- _Work order_
The entries that follow include a run beginning at the line with "Jewellery Magazine' Cover" and ending at the line with "06706a335e75a8 Image via"; restate that run word for word and leave the rest out.

- _Provided information_

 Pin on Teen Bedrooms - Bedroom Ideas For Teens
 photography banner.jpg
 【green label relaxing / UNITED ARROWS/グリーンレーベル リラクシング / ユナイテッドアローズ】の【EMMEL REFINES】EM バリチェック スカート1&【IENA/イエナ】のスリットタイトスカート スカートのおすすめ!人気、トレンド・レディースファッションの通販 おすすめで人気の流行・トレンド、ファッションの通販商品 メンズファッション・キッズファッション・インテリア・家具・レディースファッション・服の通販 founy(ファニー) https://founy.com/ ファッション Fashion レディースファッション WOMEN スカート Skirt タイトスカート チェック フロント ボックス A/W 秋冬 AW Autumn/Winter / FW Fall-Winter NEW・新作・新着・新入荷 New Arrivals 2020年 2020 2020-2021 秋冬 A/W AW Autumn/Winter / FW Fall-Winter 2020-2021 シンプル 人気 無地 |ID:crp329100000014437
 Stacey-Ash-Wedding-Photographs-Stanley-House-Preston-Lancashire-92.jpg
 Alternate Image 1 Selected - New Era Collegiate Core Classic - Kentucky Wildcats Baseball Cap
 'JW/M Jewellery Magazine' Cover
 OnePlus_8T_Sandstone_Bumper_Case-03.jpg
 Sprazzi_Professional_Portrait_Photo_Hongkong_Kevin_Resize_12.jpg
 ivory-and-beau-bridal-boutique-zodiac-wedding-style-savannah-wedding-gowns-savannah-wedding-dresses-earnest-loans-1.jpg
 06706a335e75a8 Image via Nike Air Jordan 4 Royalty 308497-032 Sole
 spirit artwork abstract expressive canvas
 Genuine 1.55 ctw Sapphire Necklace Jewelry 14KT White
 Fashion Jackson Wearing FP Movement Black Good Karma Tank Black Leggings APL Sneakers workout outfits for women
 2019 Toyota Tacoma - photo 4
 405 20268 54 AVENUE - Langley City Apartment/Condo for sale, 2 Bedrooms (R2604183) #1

- _Written solution_
 'JW/M Jewellery Magazine' Cover
 OnePlus_8T_Sandstone_Bumper_Case-03.jpg
 Sprazzi_Professional_Portrait_Photo_Hongkong_Kevin_Resize_12.jpg
 ivory-and-beau-bridal-boutique-zodiac-wedding-style-savannah-wedding-gowns-savannah-wedding-dresses-earnest-loans-1.jpg
 06706a335e75a8 Image via Nike Air Jordan 4 Royalty 308497-032 Sole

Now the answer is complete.